FIG. 1 is a side view of a spreading vehicle according to the present invention.

FIG. 2 is a plan view of a spreading vehicle according to the present invention.

FIG. 3 is a block diagram showing a control system according to the present invention.

FIG. 4 is a flowchart showing a procedure for controlling a spray nozzle turning angle γ.

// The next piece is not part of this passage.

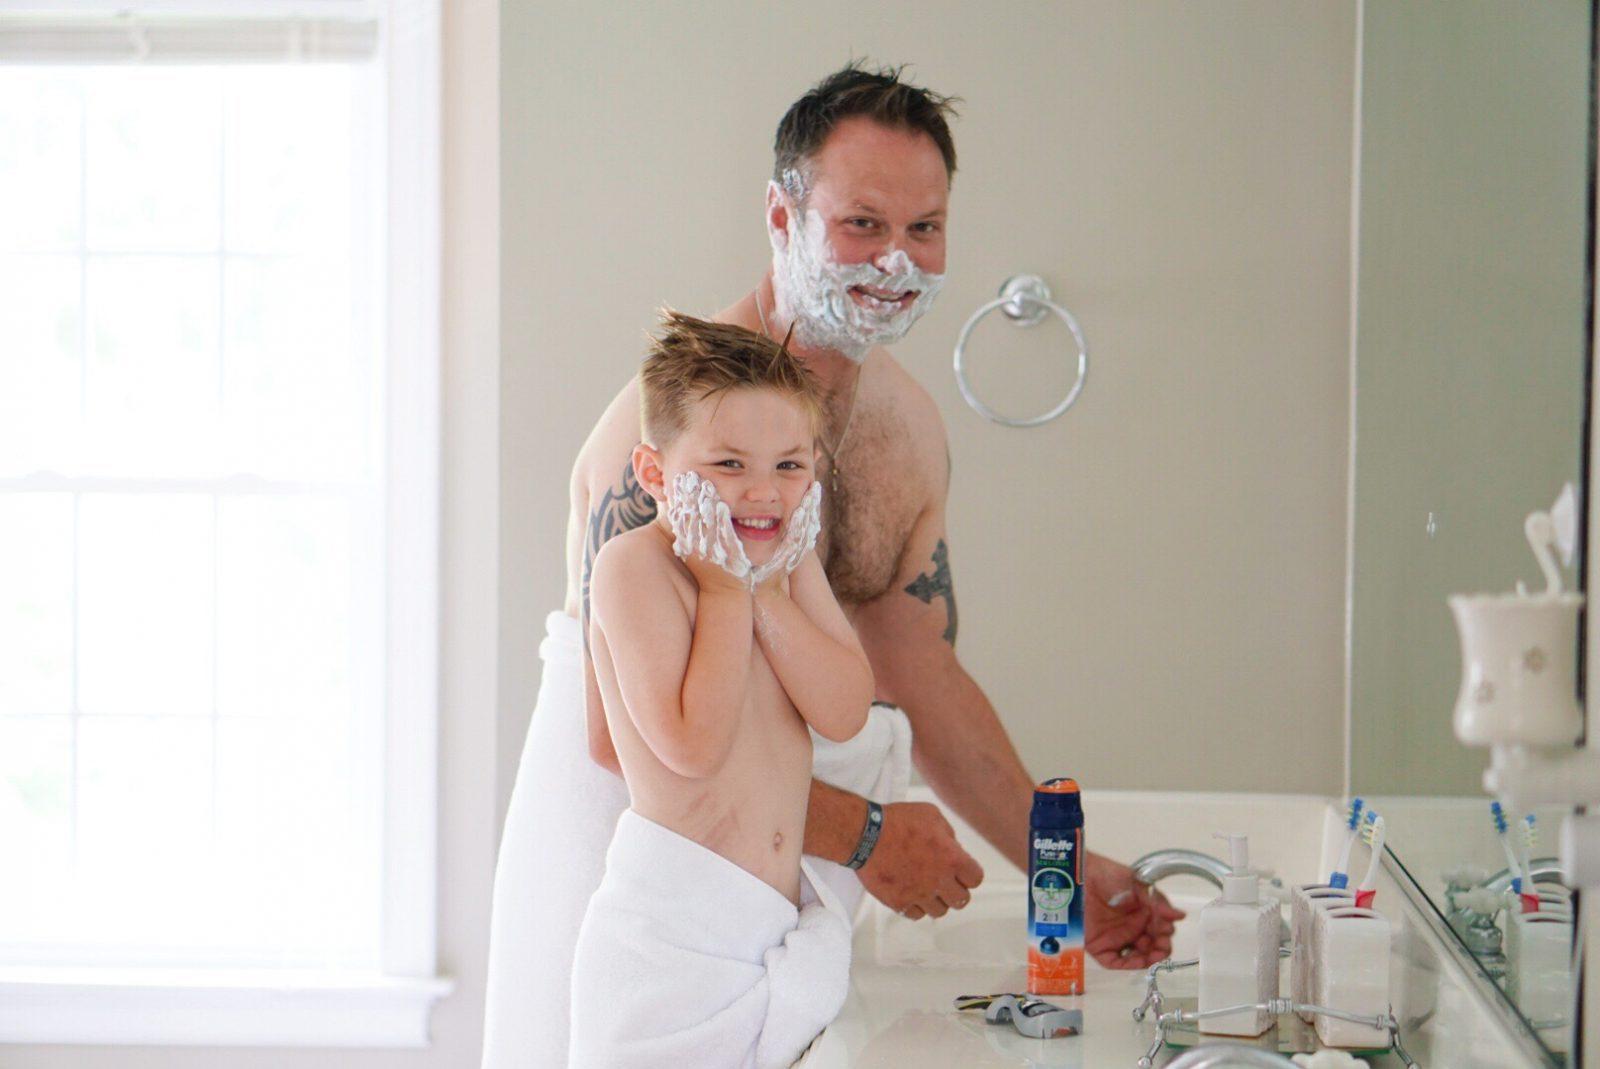 Father's Day Gift Ideas via Misty Nelson, frostedblog.com @frostedevents #fathersday #fathersdaygifts

FIG. 5 is a flowchart showing a procedure for controlling a prime mover rotation speed N.

[Explanation of symbols]

 1 tank 2 pump 3 spray nozzle 4 prime mover 5 rotation speed detector 6 turning position detector 7 wind direction anemometer 8 turning device 9 computing device 10 spraying position setter γ spreading nozzle turning angle N prime mover speed

Claims (1)

[Scope of utility model registration request] 1. A wind direction anemometer for detecting a wind direction and a wind speed in a spray nozzle device for spraying a spray liquid at a predetermined spray speed from a spray nozzle rotatable at a predetermined angle and spraying the spray liquid to a target position. Based on the detected value of the wind anemometer and the angle of the spray nozzle and spray speed of spray liquid required for spraying to the target position in the windless state, which are input in advance, the angle of the spray nozzle and the spray liquid sprayed to the target position An automatic spraying nozzle control device, comprising: an arithmetic unit for obtaining an injection speed; and a control unit configured to control an angle of the spray nozzle and the injection speed according to a calculation result of the arithmetic unit.